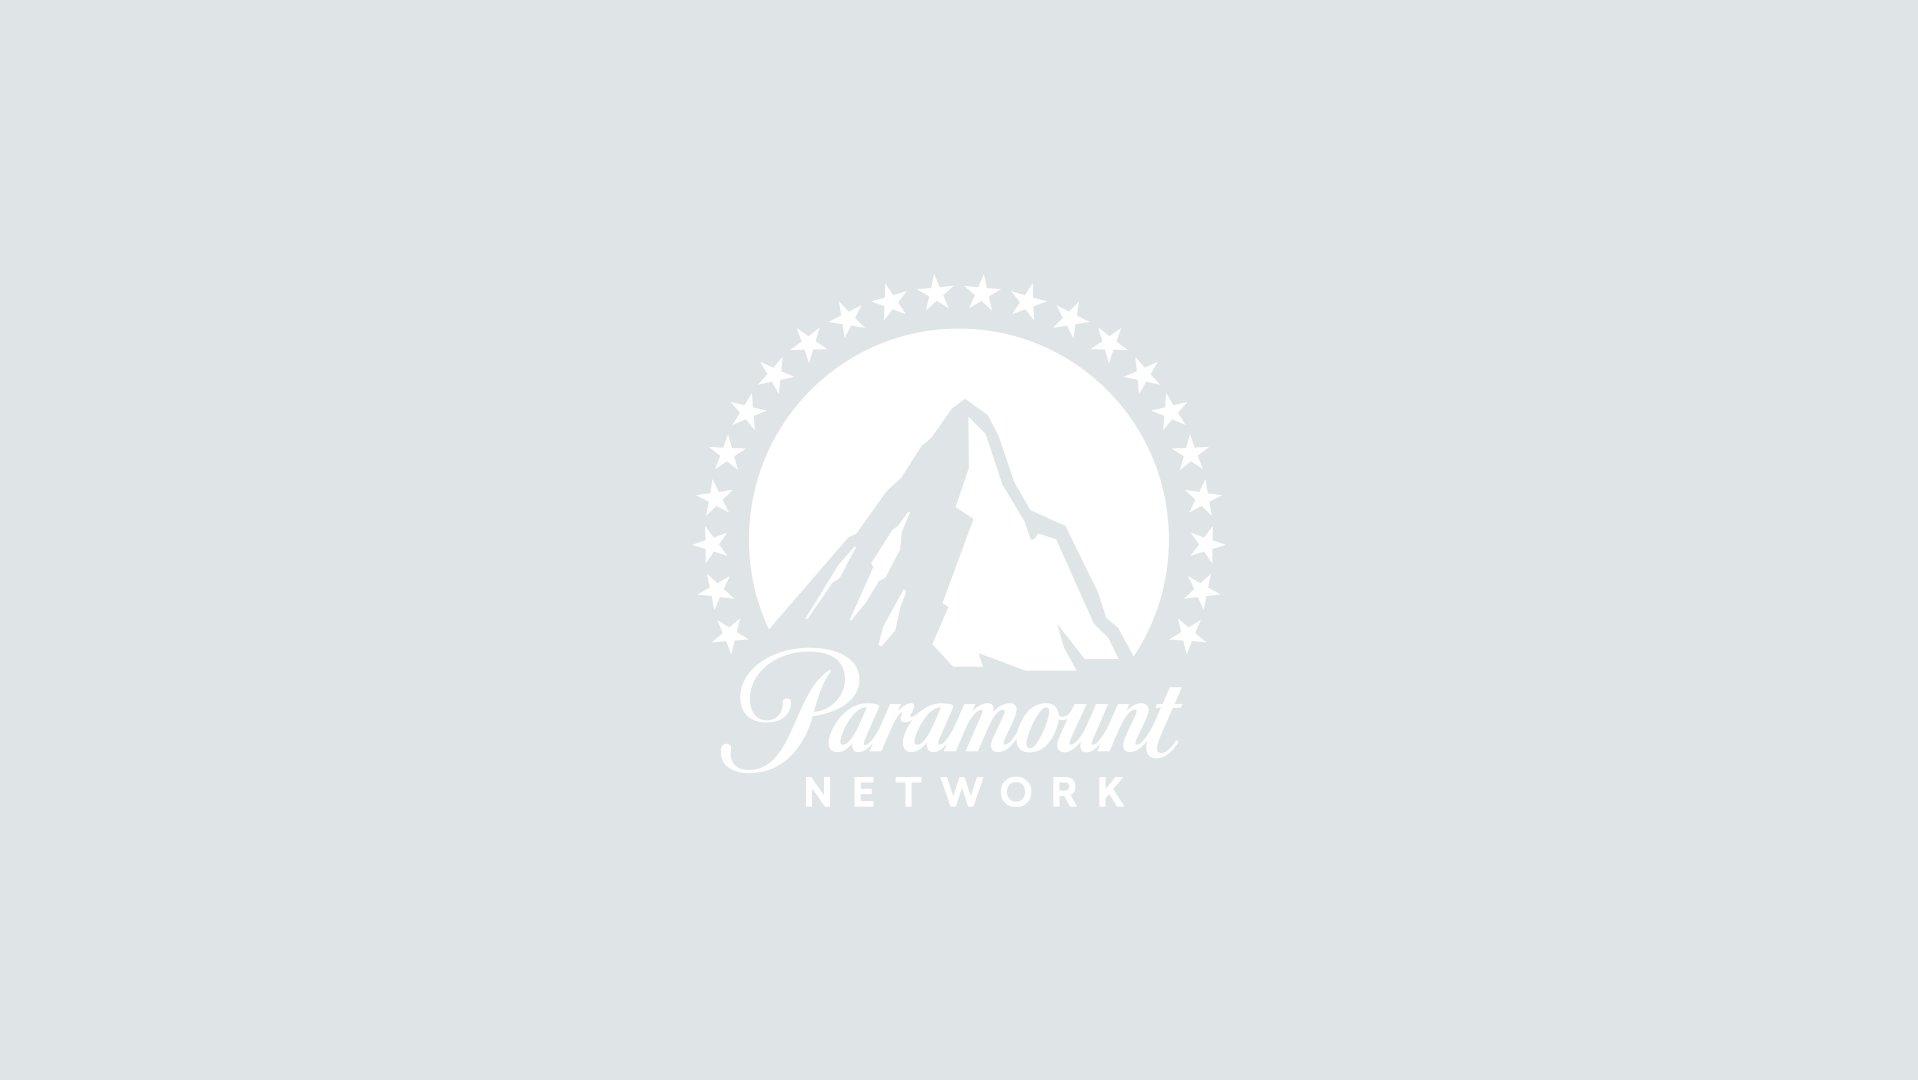 Clark Gable e Vivien Leigh (Via col vento), foto: Getty Images
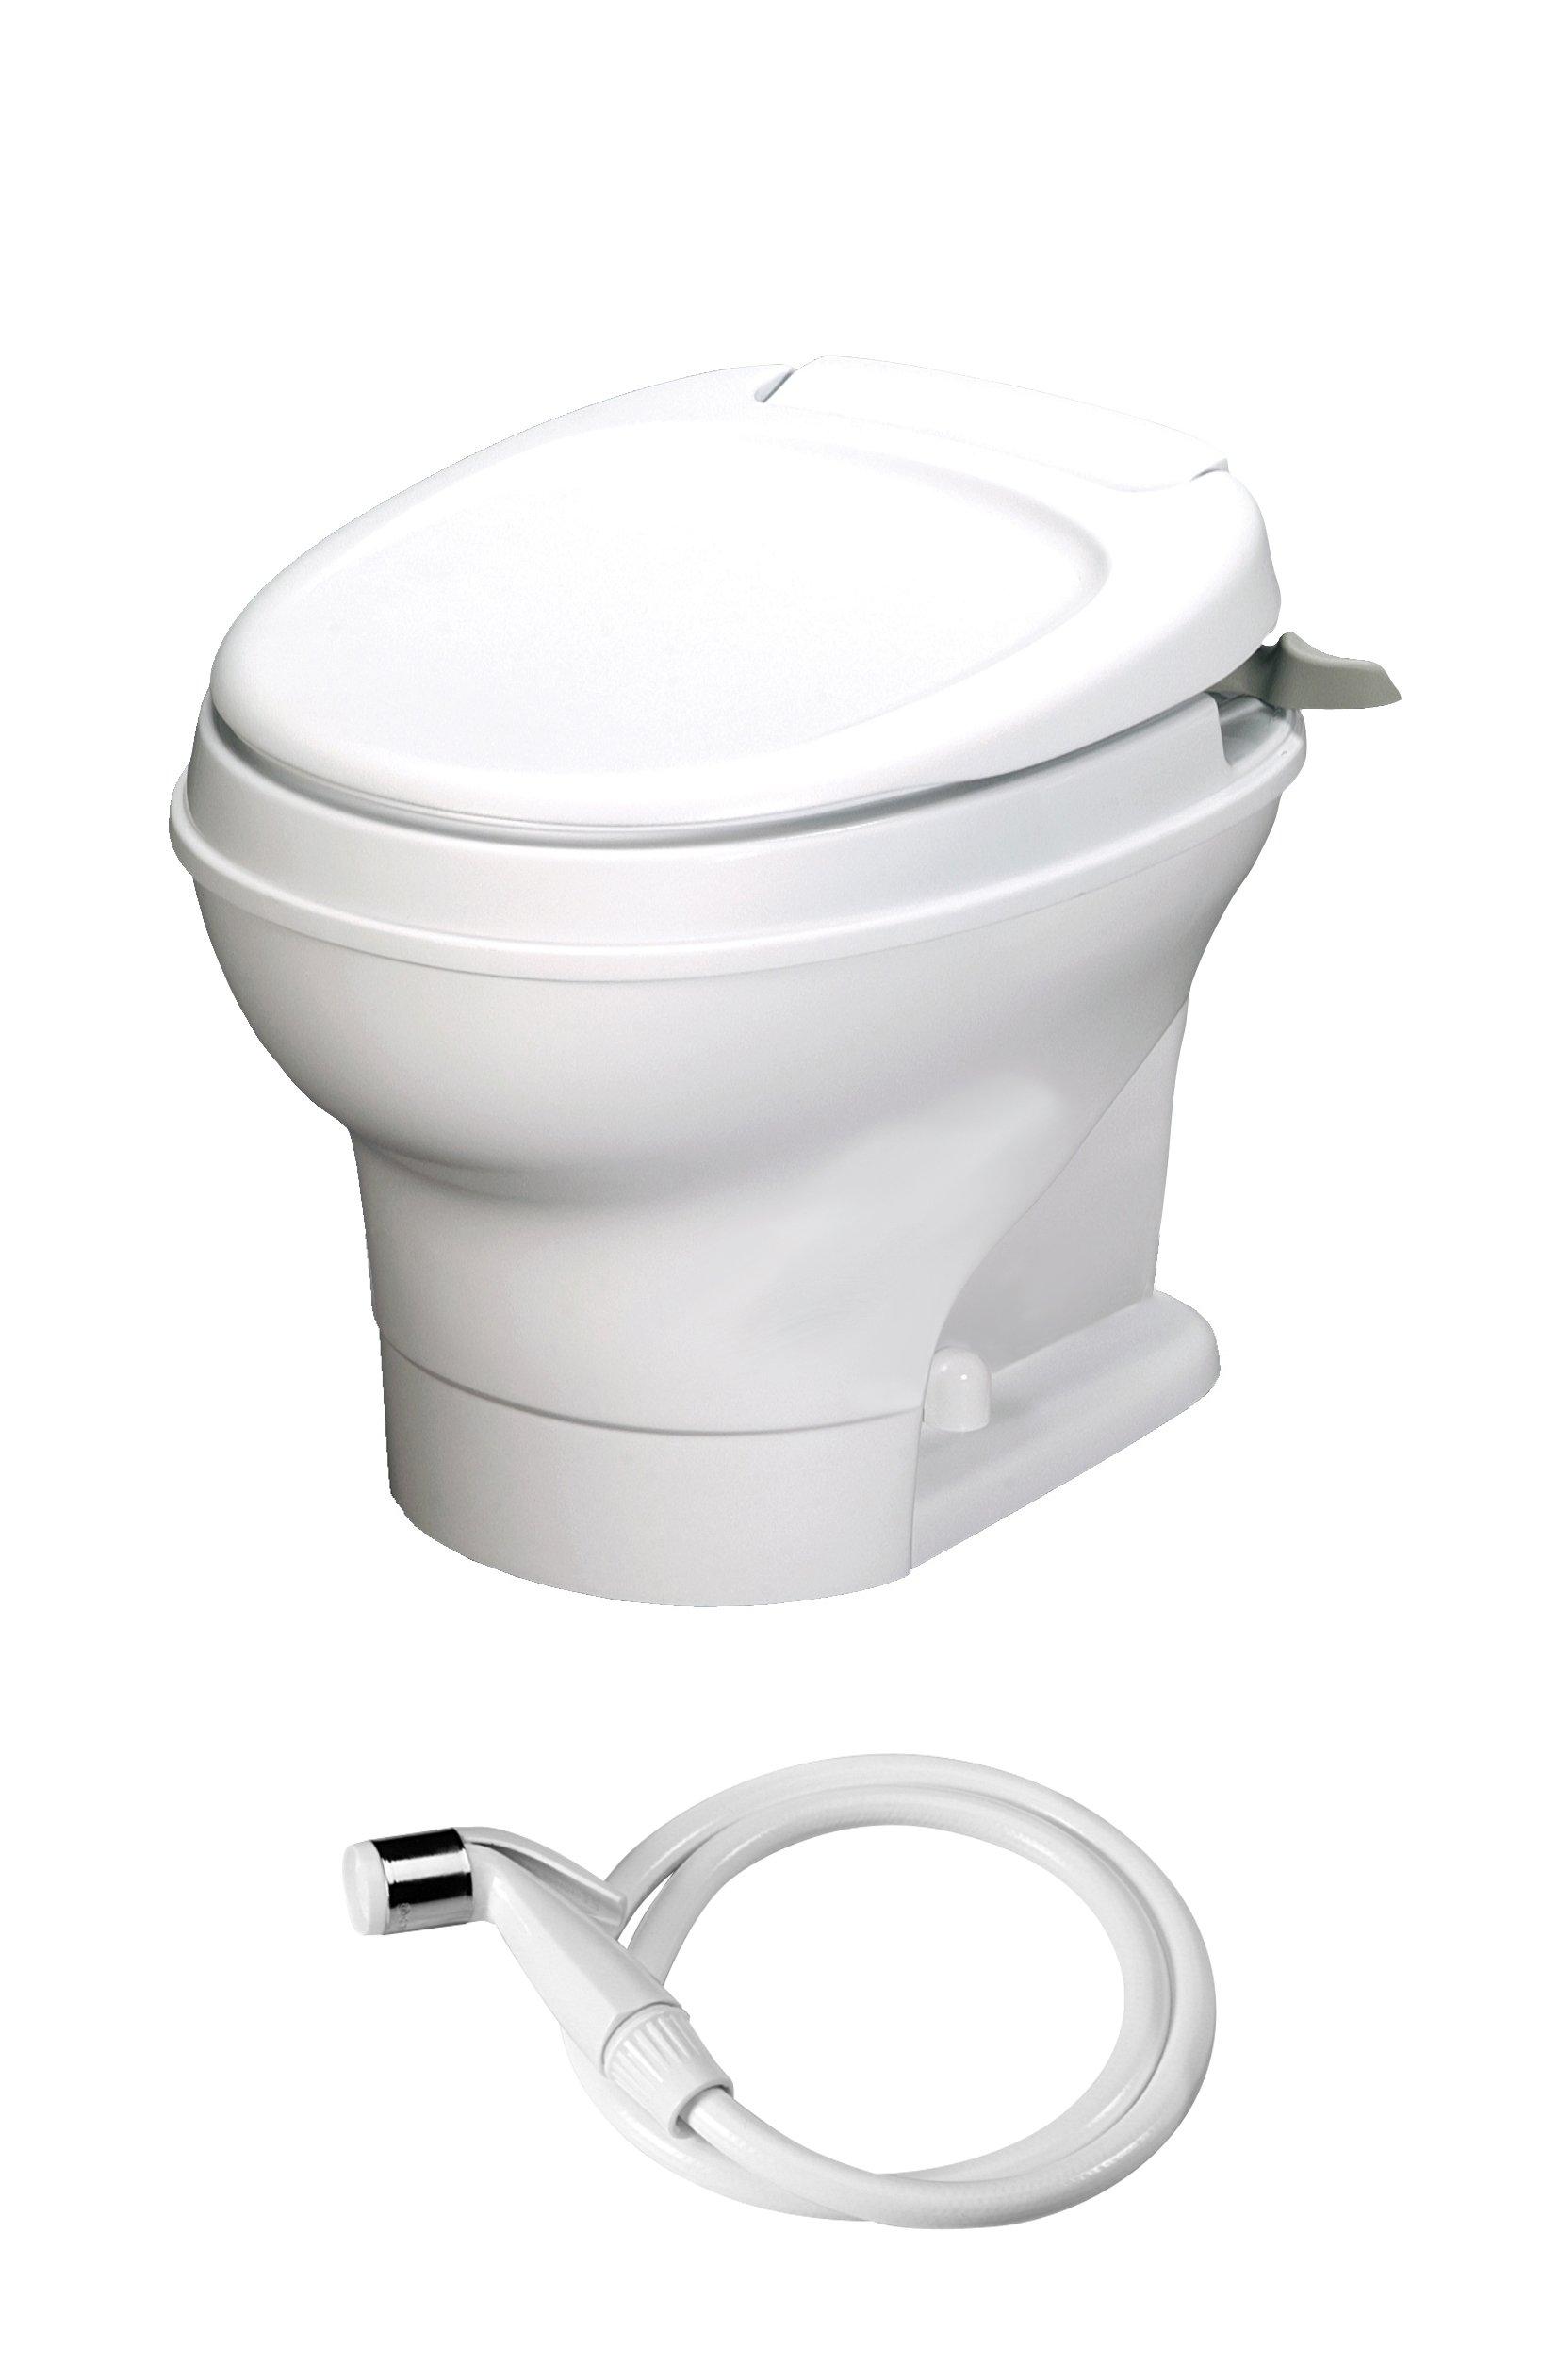 Aqua-Magic V RV Toilet Hand Flush with Hand Sprayer / Low Profile / White - Thetford 31657 by Thetford
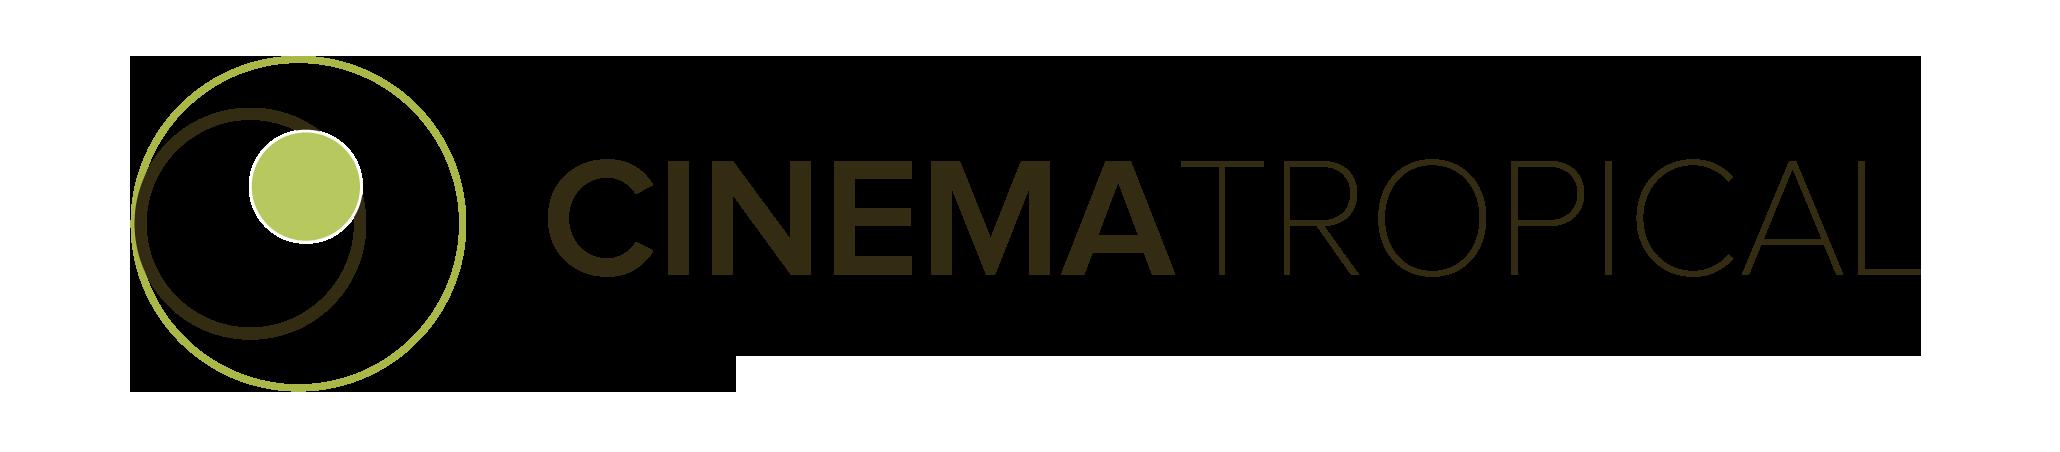 Events — Cinema Tropical
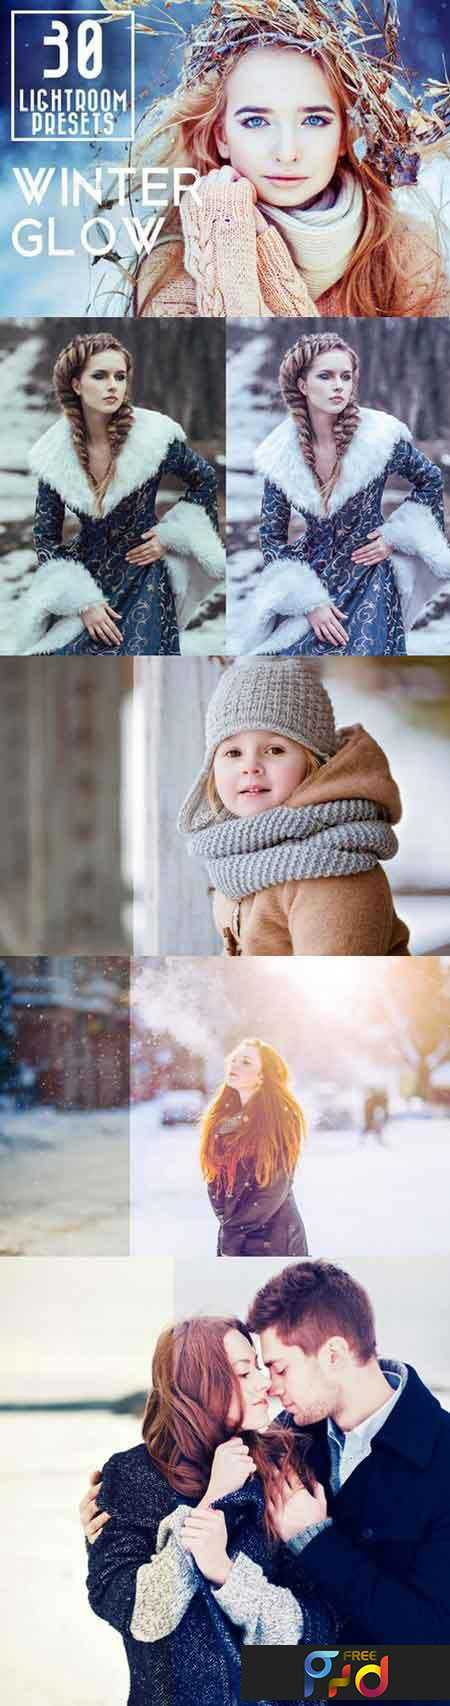 freepsdvn-com_action_1477626259_30-winter-glow-lightroom-presets-977659

* Task brief:
Please set down, word for word, the lines starting at the line that holds "Events — Cinema Tropical" and running to the end of the listing, with no pictures.

* Answer to this task:
 Events — Cinema Tropical
 freepsdvn-com_action_1477626259_30-winter-glow-lightroom-presets-977659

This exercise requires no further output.